Stimming can occur with all major external senses. In this excellent video, Amethyst discusses in more detail the three main reasons Autistics stim, as well as seven senses that Autistics might use when stimming: taste, touch, smell, hearing, sight, proprioception, and vestibular. I’d like to briefly mention two more senses that Autistics, myself included, stimulate–thermoception and nociception. Thermoception is how we sense and process heat, or the absence of heat. I’m really heat sensitive, but have difficulty feeling cold. To me, cold things make me feel blissfully numb, and it’s a sensory experience that helps me regulate myself, as well as one that seek out just because it makes me feel good. Nociception is how we sense pain, or the lack of pain, and a sense I often stimulate when I’m extremely stressed or angered. Usually I will intensely dig my fingernails into my skin, or slap my arms extremely hard. At times, I’ll even bite my hands. Allistics often get worried and afraid for me when I engage in this, but my intention isn’t to harm or hurt or kill myself. Rather, the pain that I feel helps me deal with the outside stress.

A young, male-appearing kid, with short black hair and brown skin looks at the camera while waving his hands.
A young, male-appearing kid, with short black hair and brown skin looks at the camera while waving his hands.

This leads to the main point of this post. Allistics often misunderstand stimming, and discourage it in a number of formal and informal ways.
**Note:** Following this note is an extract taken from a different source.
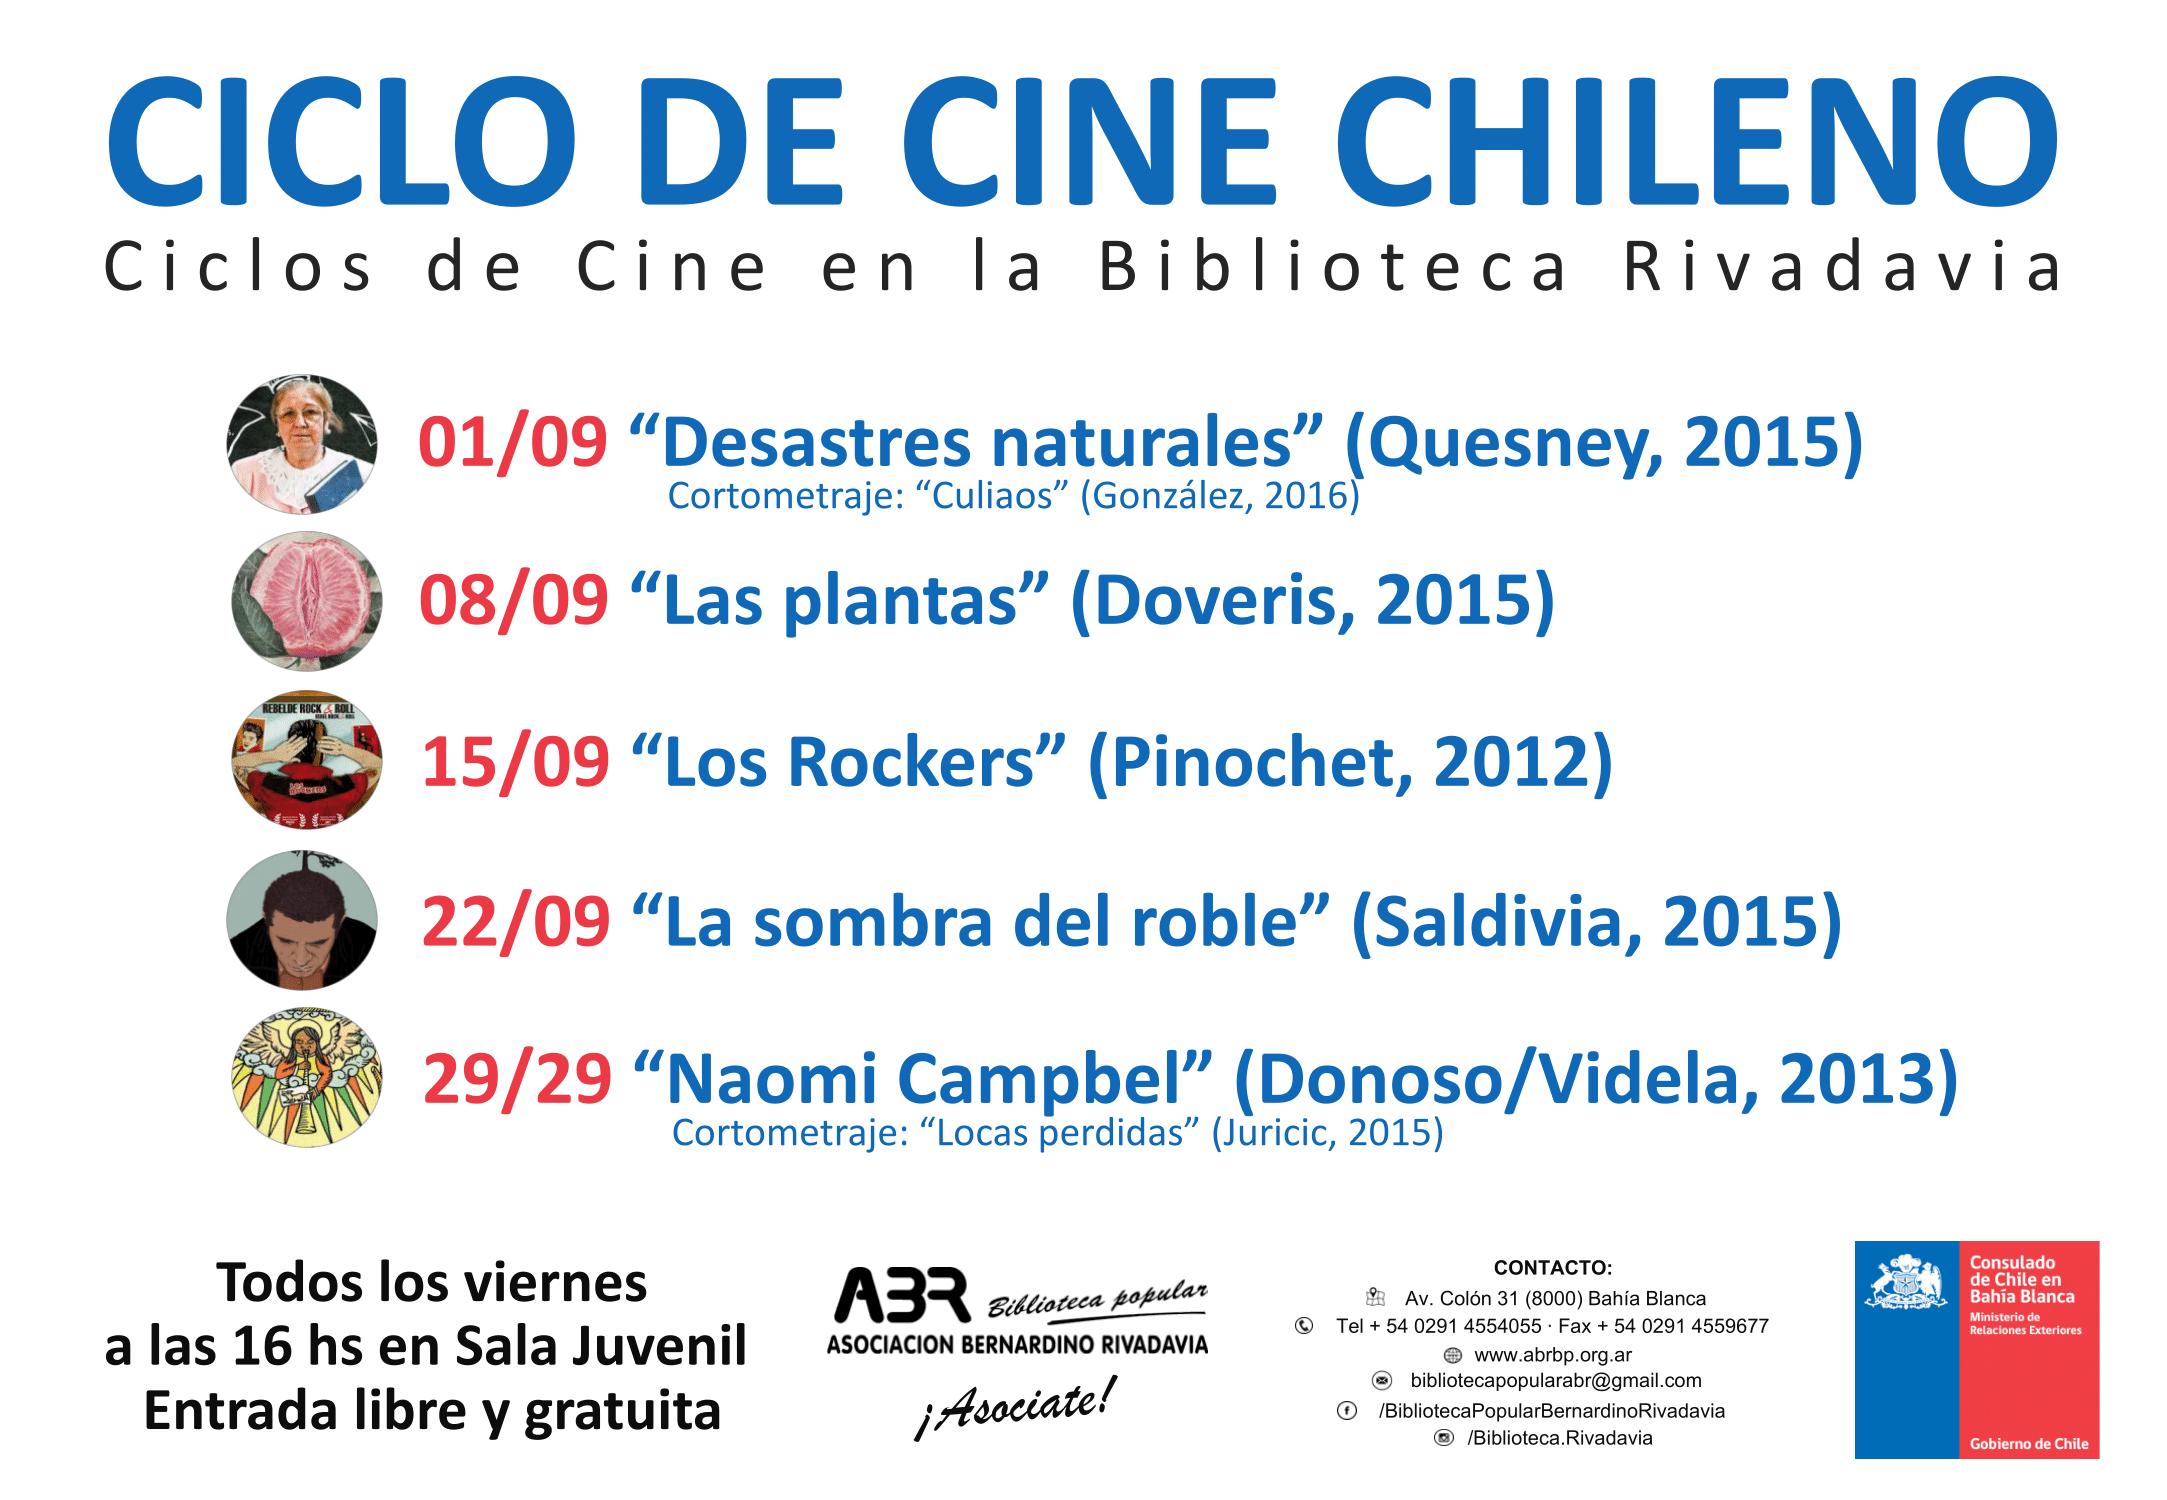 Ciclo de Cine Chileno - A4 - circ

For example, as a kid, my family would make me sit on my hands, or make me restrain my body in other ways to stop from stimming. At times, they even told me it made them not want to be around me, and that if I couldn’t stop fidgeting, I wouldn’t have any friends.

In school, I was told not to stim (fidget was their word) because it was considered disruptive. I was never overtly punished, for which I’m truly fortunate–too many Autistics have to suffer “quiet hands” reminders–but it was very clearly not tolerated.

I developed a lot of shame around stimming, something Amethyst also did and talks about in the video, as well as many other Autistics. For years, I hated my innate need to move or engage with the sensory world differently than others.

But last October, well before I had begun to believe I might be Autistics. I told my therapists about how I would in the private of my bedroom or the bathroom fidget or flap or even, if no one was around, jump or spin, and she told me to pursue this as a stress release. It felt terrifying to try it outside of my private areas. I remember flapping in the elevator at work for the first time and having a mini-freak out about whether or not there were security cameras in there, and if the security folks where watching me right now in disbelief.

As I began to realize that I was Autistic, and there was a reason for this, and that others were dealing with similar issues I was, and that stimming was something that many engaged in proudly, it became empowering for me to stim. It felt like a beautiful form of self-acceptance, and a fuck you to the world for trying to get me to stop (I’m a rebel, what can I say?) I’m so much better able to deal with my outside world and environment in large part because I feel much more free to express my feelings and regulate my emotions in the way that is most natural to me.

Allyship Tip: If you consider yourself an Autistic ally, make sure that you and the spaces you occupy are as stim positive or neutral as possible. Don’t stare at us. If you’re curious, ask questions politely, but many of us still have a lot of shame to work through with regards to stimming, and folks staring at us can make us relive that pain and make us abandon stimming, which can be quite hard on us.